In "Blowback" (May 1996), Mary Anne Weaver explained Osama bin Laden's rise
to power as an example of the manner in which the U.S. support for the
Afghan mujahideen-the loose coalition of fighters from all parts of the
Islamic world who doggedly resisted Soviet occupation during the 1980s-has
backfired on the United States. In essence, Weaver wrote, the CIA's training
of the mujahideen allowed for the creation and development of "an informal
network of small, loosely organized underground cells, with support centers
scattered around the world: in the United States, the Persian Gulf
countries, Germany, Switzerland, Scandinavia, Sudan, Pakistan, and
Afghanistan." After describing the enduring relationships forged in this
network-between, among others, the Saudi Arabian bin Laden, the Afghan
leader Gulbaddin Hekmatyar, the blind Egyptian cleric Sheikh Omar
Abdul-Rahman (convicted in 1996 of seditious conspiracy to wage a "war of
urban terrorism against the United States"), and the Palestinian Ramzi Ahmed
Youssef (considered to have been the mastermind of the 1993 terrorist attack
on the World Trade Center)- Weaver noted that such connections, the direct
result of U.S. intervention in Afghanistan more than a decade ago, have led
to the emergence of "a new breed of terrorist" whose energies are directed
against their former sponsors and trainers. The nature of terrorism has
changed, Weaver concluded-today, "E-mail and faxes drive the jihad."

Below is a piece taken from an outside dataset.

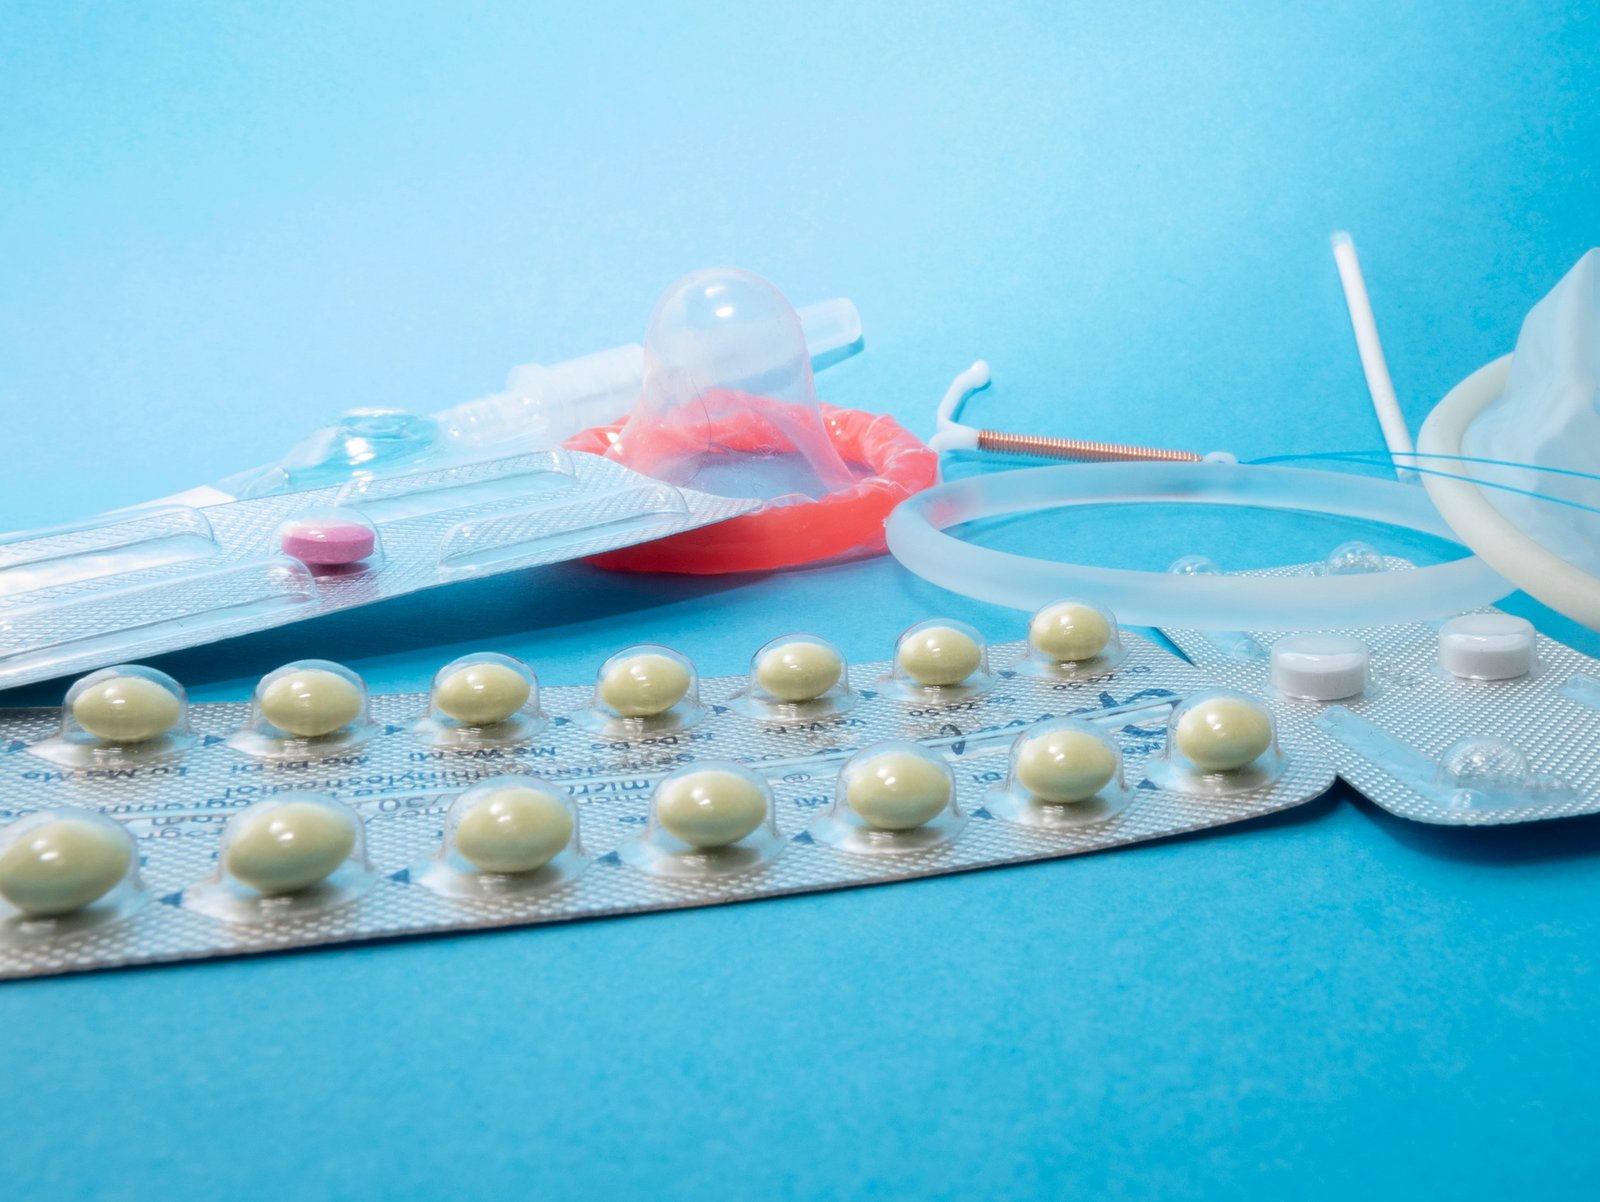 Презерватив, противозачатъчно хапче и други контрацептиви

More recently, Robert Kaplan visited the Afghanistan-Pakistan border and, in
"The Lawless Frontier" (September 2000), painted a disturbing picture of a
region dominated by tribalism, ignorance, violence, and rampant religious
fanaticism. The region's fundamentalist religious fervor crystallized in
1994 with the emergence of the Taliban, a militant group devoted to an
extremely inflexible version of Islam. In 1996, the Taliban seized control
of Afghanistan's government, and, as Kaplan observed during his April, 2000,
trip, it now continues to exert a powerful, destabilizing influence on the
border regions of Pakistan.
  The Taliban embody a lethal combination: a primitive tribal creed, a
fierce religious ideology, and the sheer incompetence, naiveté, and cruelty
that are begot by isolation from the outside world and growing up amid war
without parents. They are also an example of globalization, influenced by
imported pan-Islamic ideologies and supported economically by both Osama bin
Laden's worldwide terrorist network (for whom they provide a base) and a
multibillion-dollar smuggling industry in which ships and trucks bring
consumer goods from the wealthy Arabian Gulf emirate of Dubai (less a state
than the world's largest shopping mall) through Iran and Afghanistan and on
to Quetta and Karachi.
In addition, we've included an Atlantic Unbound interview from August, 2000,
in which the Pakistani journalist Ahmed Rashid discussed his book, Taliban:
Militant Islam, Oil and Fundamentalism in Central Asia, and shared insights
gained from his extraordinary access to Afghanistan and its radical Taliban
movement.
  Today, the U.S. has a "get Osama bin Laden policy" but no effective Afghan
policy.... Afghanistan is now a major regional threat not just because the
Taliban are harboring Islamic extremists from more than twenty countries in
the Middle East, South Asia, and Central Asia but also because of the
proliferation of heroin exports, the sales of arms and other weapons, and
the cross-border smuggling which is destroying all the economies in the
region. Afghanistan is a black hole sucking in all its neighbors.